The report reaffirmed our belief that brands need to rethink their approach to reaching consumers via distinct "channels." The proliferation of devices has forever and fundamentally changed the way customers engage with companies and - ultimately - make purchasing decisions. Channel engagement is no longer meaningful; rather, it's all about "touchpoints." In response, business professionals must transform how they market, transact, serve and organize around this changing customer experience.

We truly are in the midst of a sea change for not only customers, but businesses, too. Here are a few key takeaways from the report that really resonated with us:

1. Reaching customers has become increasingly complex.

We are officially in the "Post PC Era." With so many different platforms, devices and "touchpoints" available, businesses have a dizzying array of applications to design and develop in order to reach their customers (not to mention the complexity of integrating all these touchpoints into back-end systems). Forrester calls this the "Splinternet." Many companies don't know where to start or which projects to prioritize.

With one of our current clients we were able to create a strategy that maximized reuse. We made the backend system reusable across multiple devices including iOS devices, Android devices, and the BlackBerry PlayBook without any modifications. Without understanding the technical climate, many organizations needlessly develop their mobile applications in a silo from other solutions and this can be inefficient at best.

2. Brands must deliver a consistent, holistic experience across multiple touchpoints.

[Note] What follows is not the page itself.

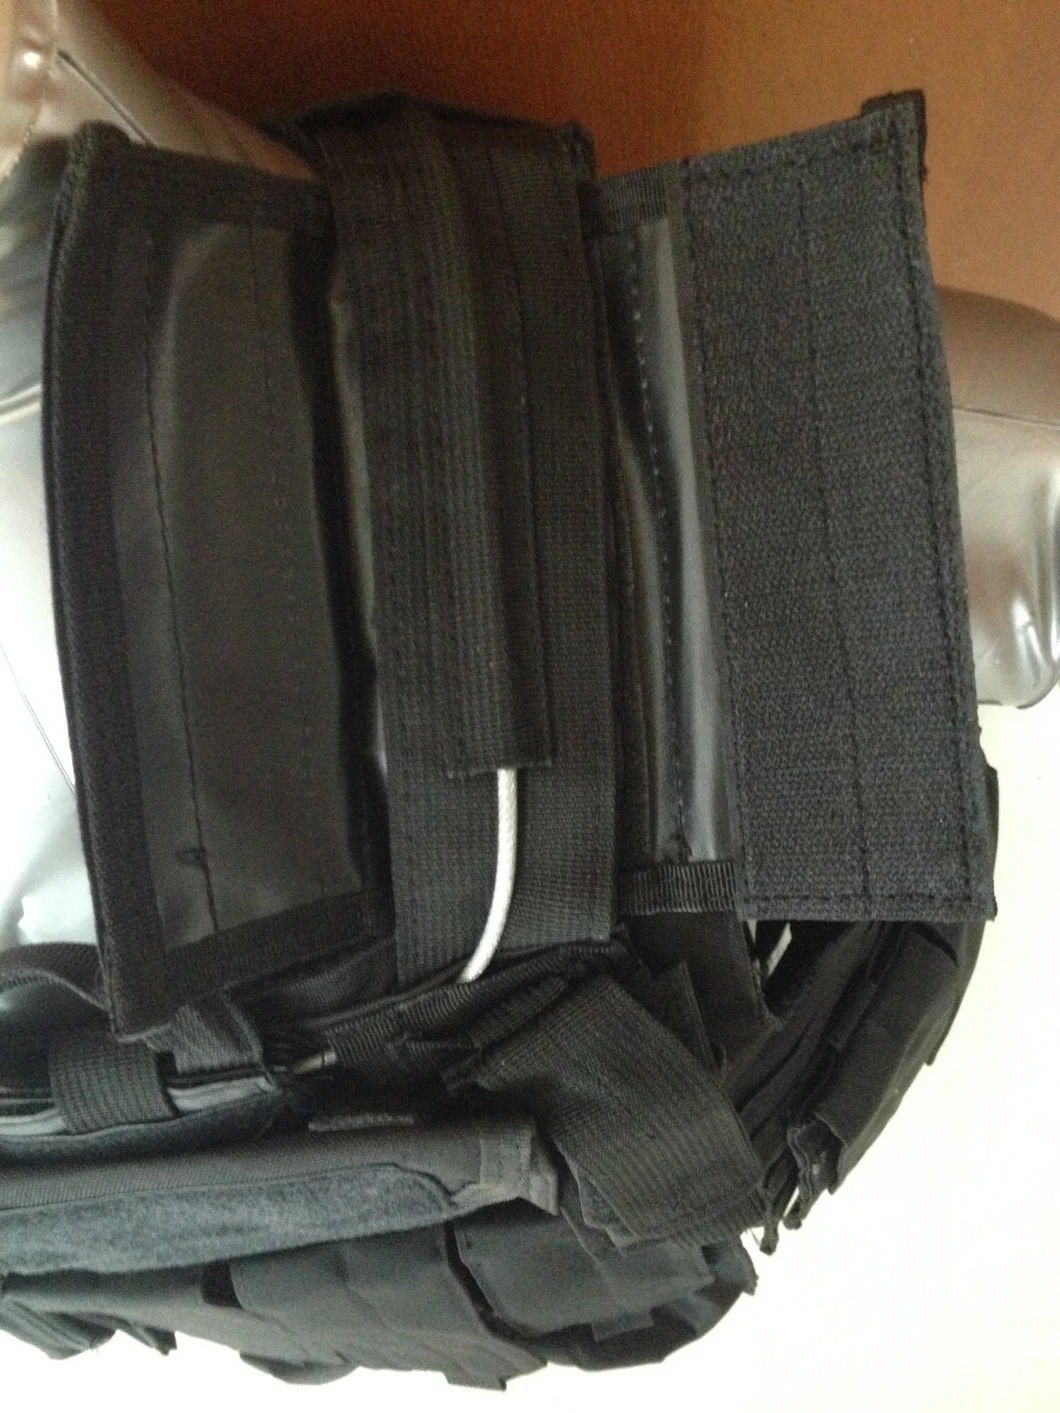 Military Bulletproof Vest Tactical Bullet Proof Body Armor
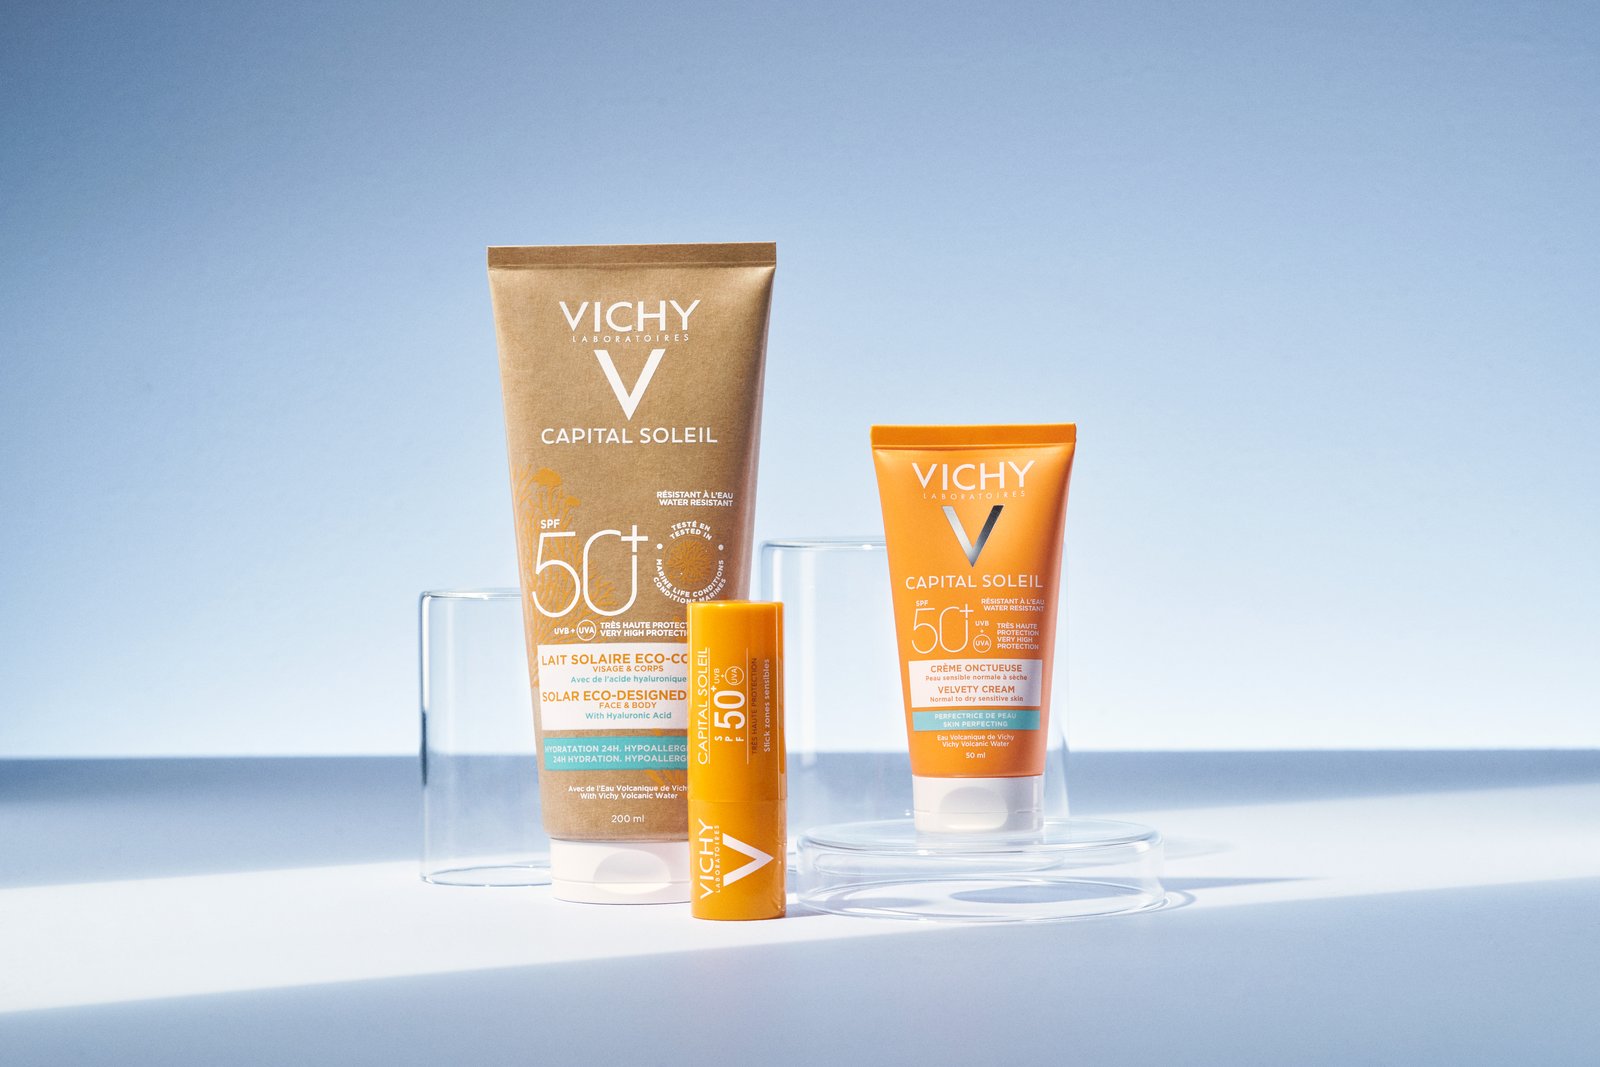 Vichy Capital Soleil SPF50+ Velvety Cream 50 ml

A true "brand experience" is created when all these touchpoints are considered holistically, not in isolation. Forrester talks a lot about orchestrating the customer relationship across touchpoints to drive relevant, personalized, and linked offers. At Universal Mind, we believe brands are built when customers have a familiar experience with every engagement and these engagements feel authentic on a device and platform which is comfortable to the end user. Knowledge of the business’s customers and the platform technologies are essential for success.

With another recent client we were able to develop a mobile strategy that put this experience in the forefront. By focusing first on how to deliver this experience in a consistent manner across the most popular touchpoints, the client was able to get a vision for what would be possible. We created an initial "vision prototype" to facilitate user testing which then revealed many things about their customers that they didn’t know. Because they were able to observe their clients actually working with a prototype application on real devices, this greatly influenced how they approached the overall solution.

3. Brands that get it right will win.

Forrester outlines the ROI for businesses that complete this multiple touchpoint journey, noting that those who get it right will see higher engagement and sales, as customers who interact with a business across multiple touchpoints are often worth five or six times that of a single-channel customer. Forrester also anticipates that brands who offer a best-in-class customer experience across multiple touchpoints will increase customer retention, as 76% of consumers who have a poor online shopping experience with a company will be unlikely to return.

In 2010, it was all about porting existing web based applications to mobile devices and developing one-off mobile applications. Today, smart companies are thinking about their customer engagement more holistically. There are no more web applications and mobile applications but rather an experience preserved across multiple touchpoints that meets the customers where they are.

Forrester's Ron Rogowski recently posted an article in Mashable, "Why Brands Need a Digital Customer Experience Strategy To Stay Competitive." Ron echos these thoughts from the perspective of providing a consistent customer experience that includes digital channels. Without a well-defined strategy, he says, companies are simply "vulnerable to chasing shiny new objects."